Why By State and Not Federal?
Why do we need to address child health & wellness state-by-state, instead of primarily nationally/federally?
The Obama administration’s work on child health and the George W. Bush administration’s work on K-12 academic achievement & testing show the potential, but also the limits and even downside of federal involvement in schools.
On the other hand, the voluntary Let’s Move initiative led by Michelle Obama raised awareness across the country of the importance of kids’ physical activity—but failed to halt the decline in the main traditional sources of physical activity at school: recess and physical education.
In fact, a big chunk of that decline can be traced to the growing nationwide focus in the 1990s on school accountability and standardized testing to increase academic achievement K-12. This was turbo-charged in the 2000s by a George W. Bush-era yet bipartisan federal policy push called No Child Left Behind.
The resulting increased scrutiny and pervasive standardized testing in reading, writing & math—typically without an adequate accompanying increase in school funding—had the unintended consequence of incentivizing school leaders to slash recess, arts education, and physical & health education—in order to focus instruction time instead on tested subjects, for which they were held accountable.
Disastrously, the increased seat-time at-school happened, just as screens and less activity became more ubiquitous in homes.
The consequences: epidemic sedentary behavior among children in both settings.

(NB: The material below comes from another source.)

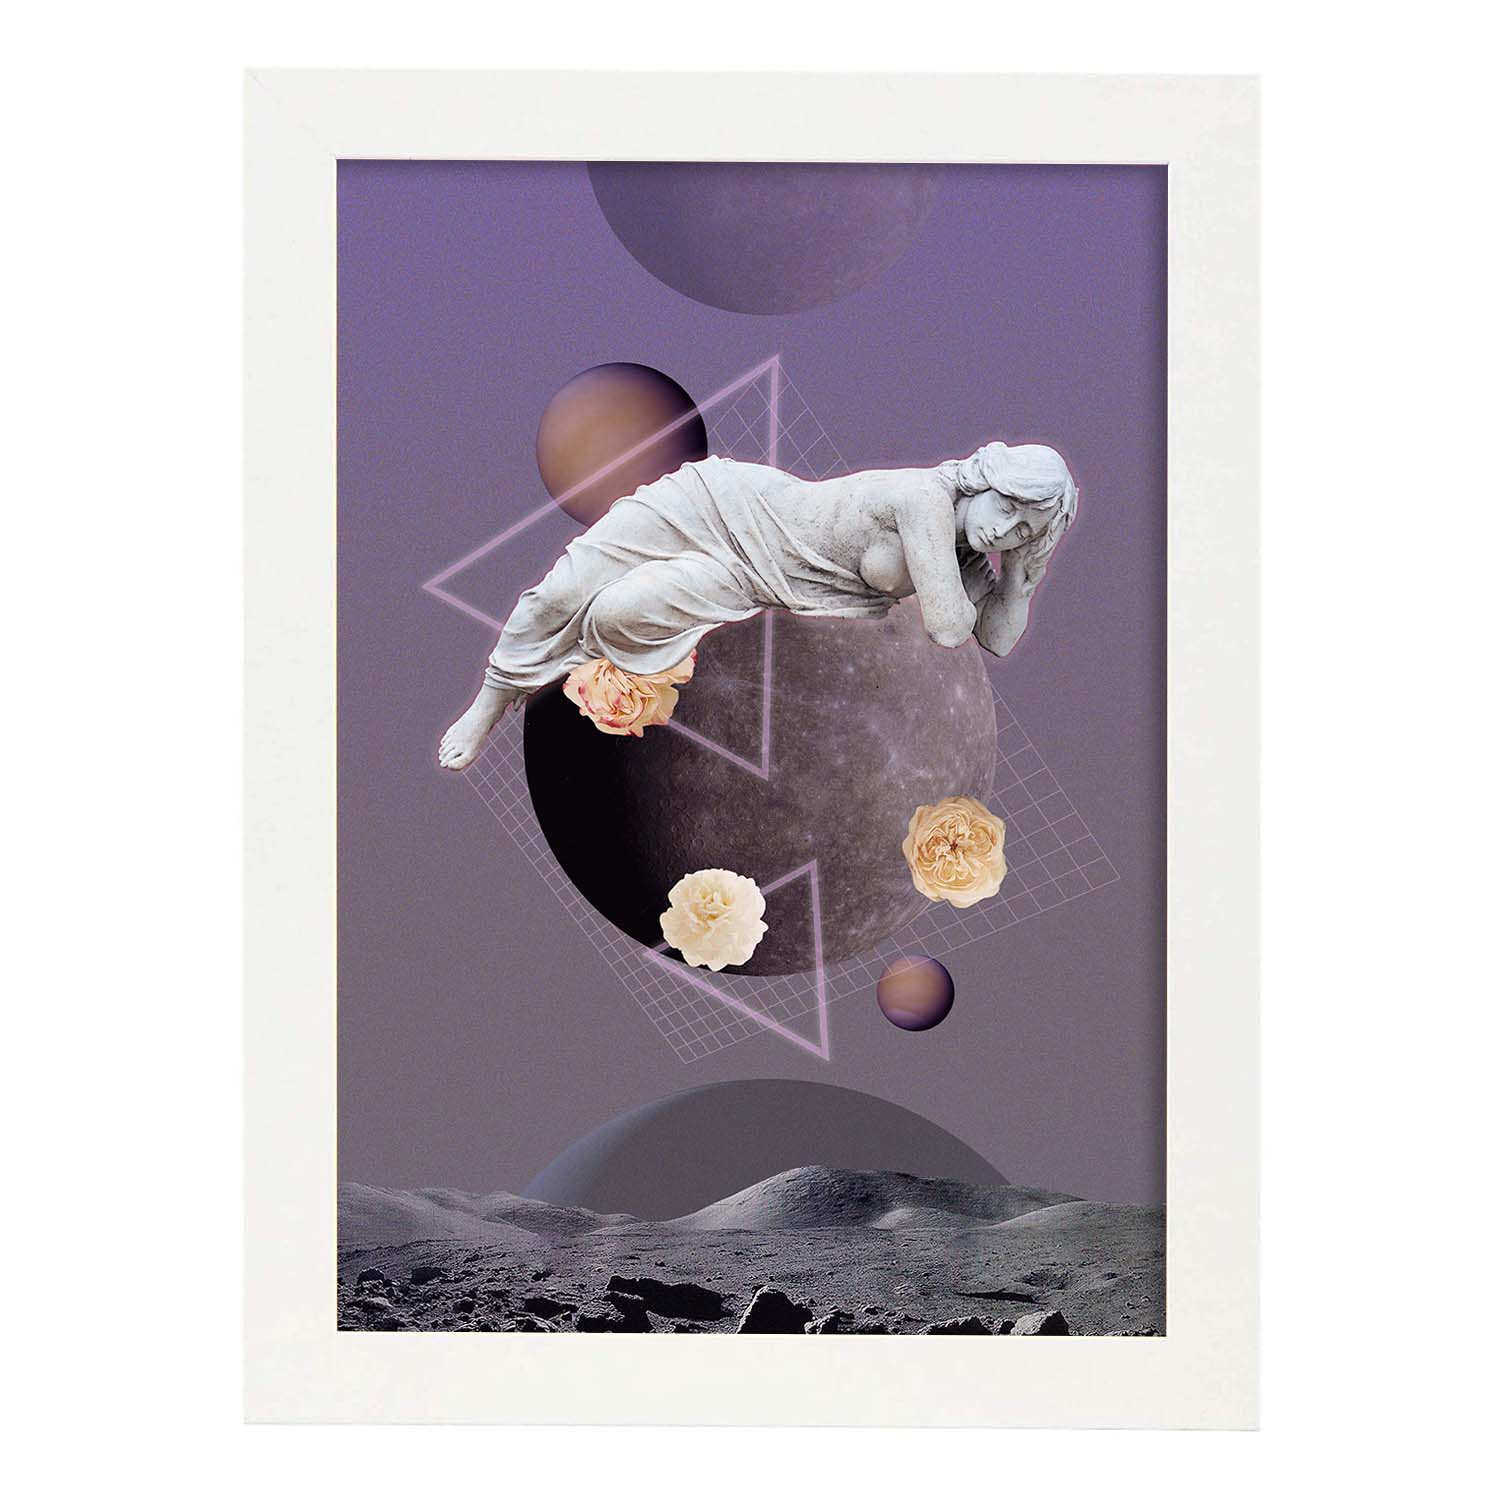 Lamina artistica decorativa con ilustración de Collage surrealista 27 estilo Collage-Artwork-Nacnic-A3-Marco Blanco-Nacnic Estudio SL

The health implications were catastrophic. As Mayo Clinic declared:
“Sitting has become the new smoking.”
Fast forward two decades: This is now being reflected in widespread teen prediabetes and young & middle-age adult diabetes, as well as much earlier-onset cardiovascular conditions and a doubling in young adult cancer.
During this same timeframe, the political dialogue became increasingly partisan & hostile.
Given the filibuster in the Senate, any policy reform with a potential whiff of controversy—which includes almost anything involving K-12 education—is no longer viable to reform at the federal level.
In spite of this: Healthy Students Healthy States gets us there.